Hajjar, in turn, argued the abortion evidence was fairly limited in scope, but still valid. She pointed out in particular that medical records tied to the abortion of one of the sisters, Camila, was used to help establish that she was underage when Raniere began a sexual relationship with her.
Along with Raniere’s appeal, a lawyer for another marquee NXIVM supporter, the Seagram heiress Clare Bronfman, appeared in court to argue that the prison sentence she received for her involvement was unreasonable. Bronfman pleaded guilty to several charges, including identity theft and immigration fraud, and was ultimately sentenced to six years and nine months in prison.
But Bronfman has claimed that her sentence is too severe because, she argues, she was not involved in the intra-NXIVM group, DOS, that Raniere was accused of running. (DOS infamously comprised “masters” and “slaves,” with Raniere serving as the “grandmaster”; according to testimony, “slaves” were forced into sex acts and physical labor, forced to submit “collateral” in the form of explicit photos and other compromising material, and even branded with Raniere’s initials.)
While Judge Garaufis, who also oversaw Bronfman’s case, acknowledged during her sentencing that she’d not been in DOS, he stated that she’d been “willfully blind” to the group. Bronfman’s lawyer, Ronald Sullivan, seized on this wording and argued that it led Garaufis to unfairly give Bronfman a punishment that was not only harsher than what prosecutors had originally sought, but harsher compared to other high-profile NXIVM members such as Allison Mack and Kathy Russell.
But like their squabbling with Tully over “because of” vs. “on account of,” the panel didn’t seem particularly swayed by the “willful blindness” claim. At one point, Sullivan argued that the notion of Bronfman’s “willful blindness” was brought up only during sentencing, thus not giving Bronfman the opportunity to respond to it.

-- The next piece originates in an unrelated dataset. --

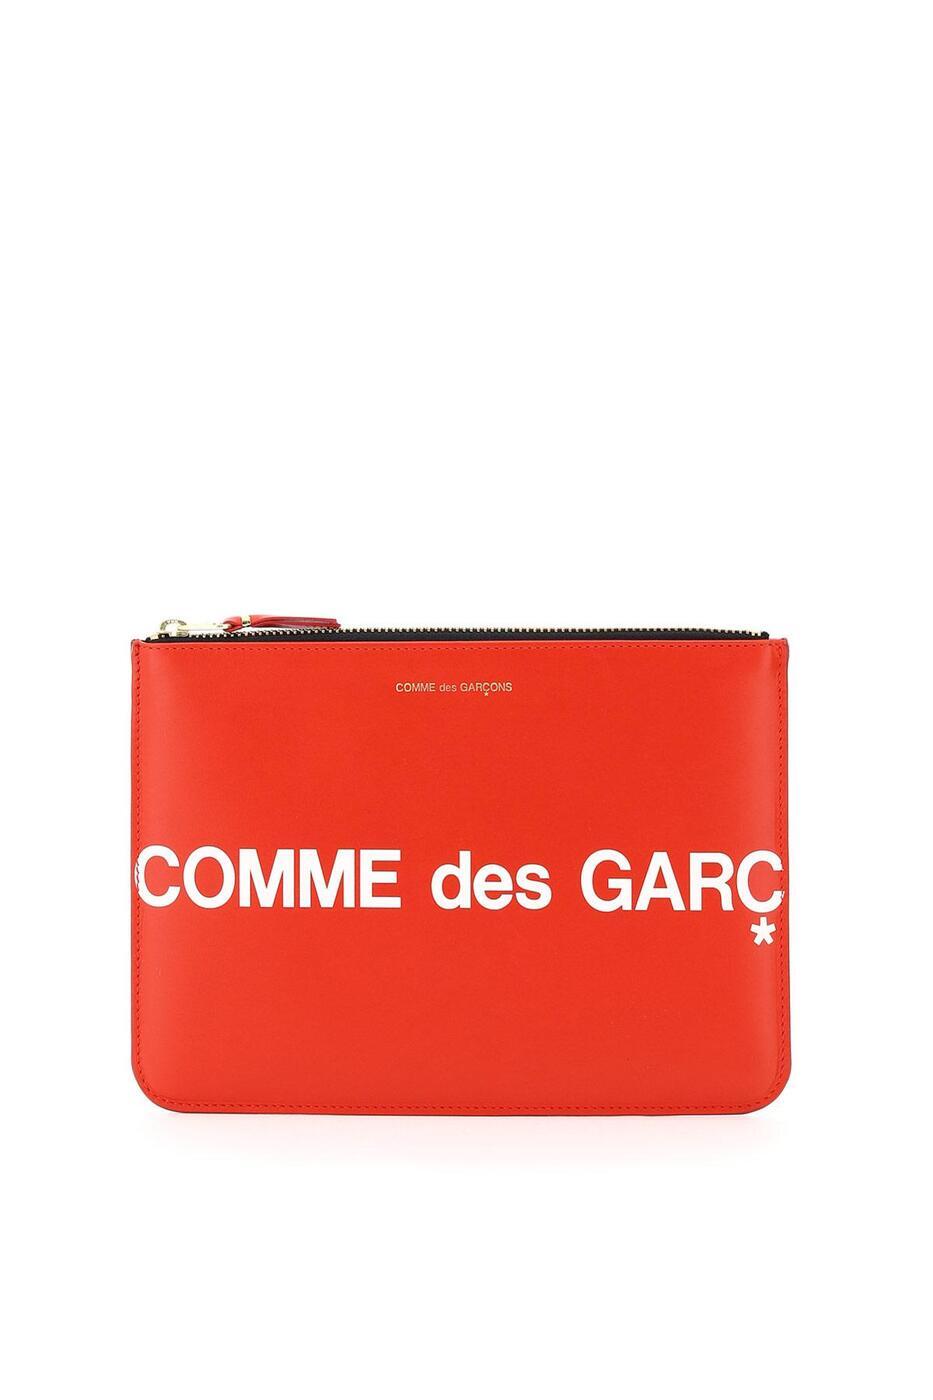 COMME DES GARCONS コム デ ギャルソン レッド Red ファッション小物 メンズ 7981617447061 【関税・送料無料】【ラッピング無料】 ba

One judge replied, “You’re quibbling with the characterization of the use of a phrase, but the facts referenced by that phrase are pretty well explained.”
Later during his rebuttal, Sullivan also tried to allege that Bronfman was punished in part for her wealth and privilege, which he called “a due process violation that does shock the conscience.” A judge, however, jumped in: “I’m not sure it shocks mine. So explain this to me: If you have tremendous wealth and you use that to destroy the enemies of the people who are opposed to what ends up being a RICO enterprise, that’s not something that the court should, or can, consider?”
The three judge panel will rule on Raniere and Bronfman’s appeals at a later date, though no exact date was given for when their rulings will be announced.